Gujjar agitation, once again

December 27, 2010 10:57 pm | Updated November 28, 2021 08:46 pm IST

The ongoing agitation by the Gujjar community in Rajasthan is a reminder of the dangers of playing competitive caste politics. The immediate provocation for the agitation, which has erupted time and again on the reservation issue over the past five years, was the State government's decision to recruit people for 100,000 posts — jobs to which the Gujjars, who have been demanding a five per cent reservation, want the quota extended. Although both the ruling Congress and the Bharatiya Janata Party declare their commitment to giving them a five per cent quota in government jobs and educational institutions, the problem lies in giving effect to this. At one level there is the legal impediment, something the Rajasthan High Court called attention to recently when it stayed the operation of a 2008 Act that provided reservations for various caste groups, including the Gujjars. The level of reservation under this please-all Act, which earmarked quotas for poor upper castes as well, increased to 68 per cent, considerably above the 50 per cent limit set by the Supreme Court in the Mandal case. At another level there are serious practical problems about extending a special quota for Gujjars. It was the Rajasthan unit of the BJP that promised to include Gujjars, a pastoral community, in the Scheduled Tribes list in the run-up to the 2003 election, which it won. But the violent opposition this evoked from the numerically stronger Meena community saw the State government back down.

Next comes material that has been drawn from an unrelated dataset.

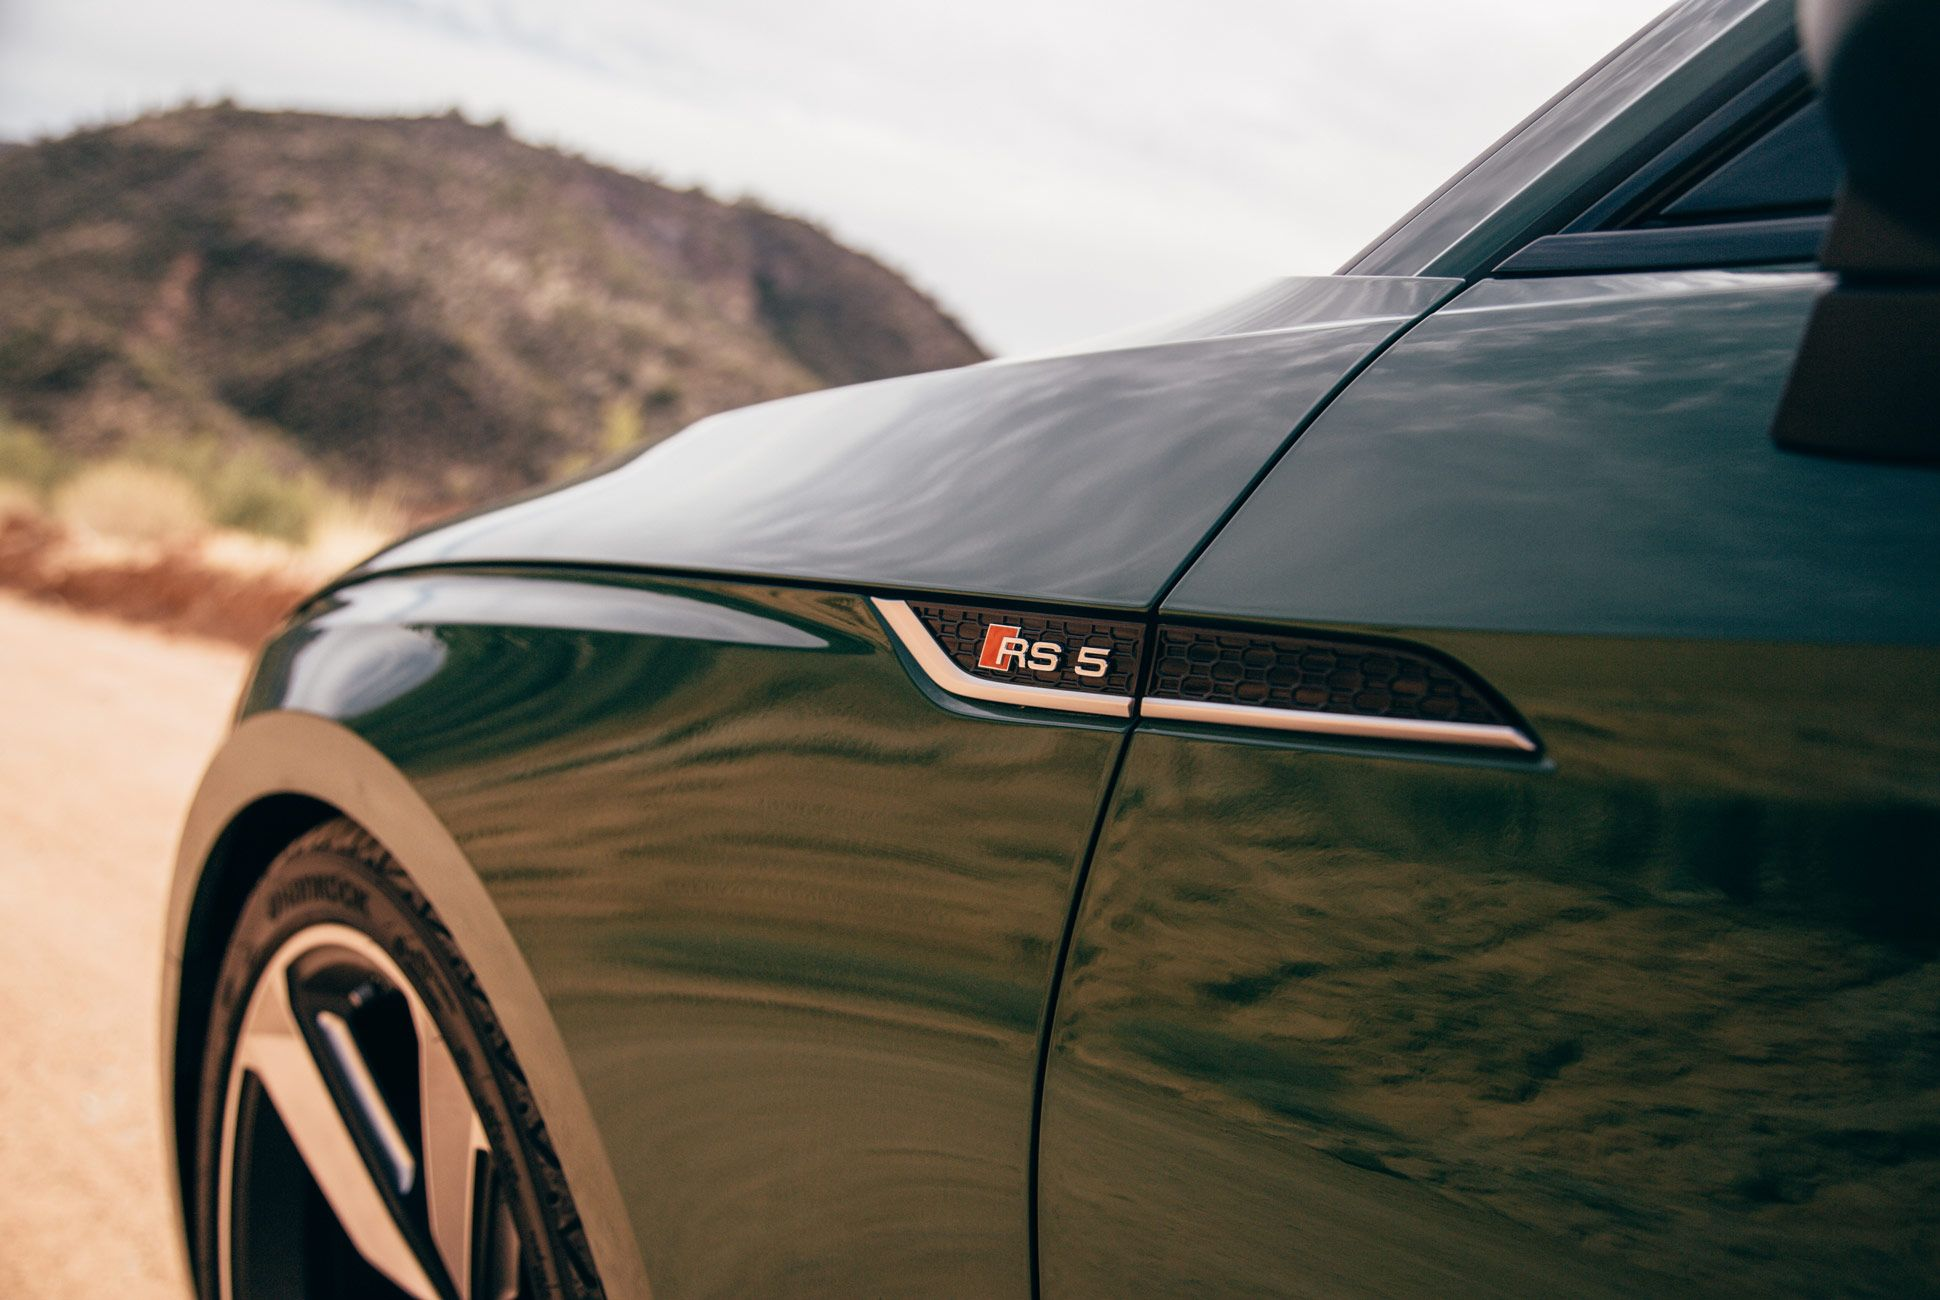 Audi-RS5-Gear-Patrol-Slide-5

While the violence and disruption that has attended Gujjar agitations for reservation must be roundly condemned, it must be recognised that the resentment of the community is largely a result of cynical vote-seeking politics. The anger and political consolidation within the community assumed worrying dimensions only after the Vajpayee government decided to reclassify Jats as an ‘Other Backward Class'. Having promised the Gujjars ST status in 2003, BJP Chief Minister Vasundhara Raje was forced to expend considerable time and energy in trying to appease the community with all manner of sops. Eventually, she bought time by declaring a new quota regime that classified Gujjars as a “separate backward community,” a proposal that found expression in the legally unsustainable 2008 Act that now stands suspended by the Rajasthan High Court. In a bid to woo communities, political parties often forget that the reservation pie is limited and that any attempt to provide quotas for one community will have adverse implications for others. This is exactly what has happened in Rajasthan. And the cost has been an intermittent cycle of agitation, social unrest, and violence.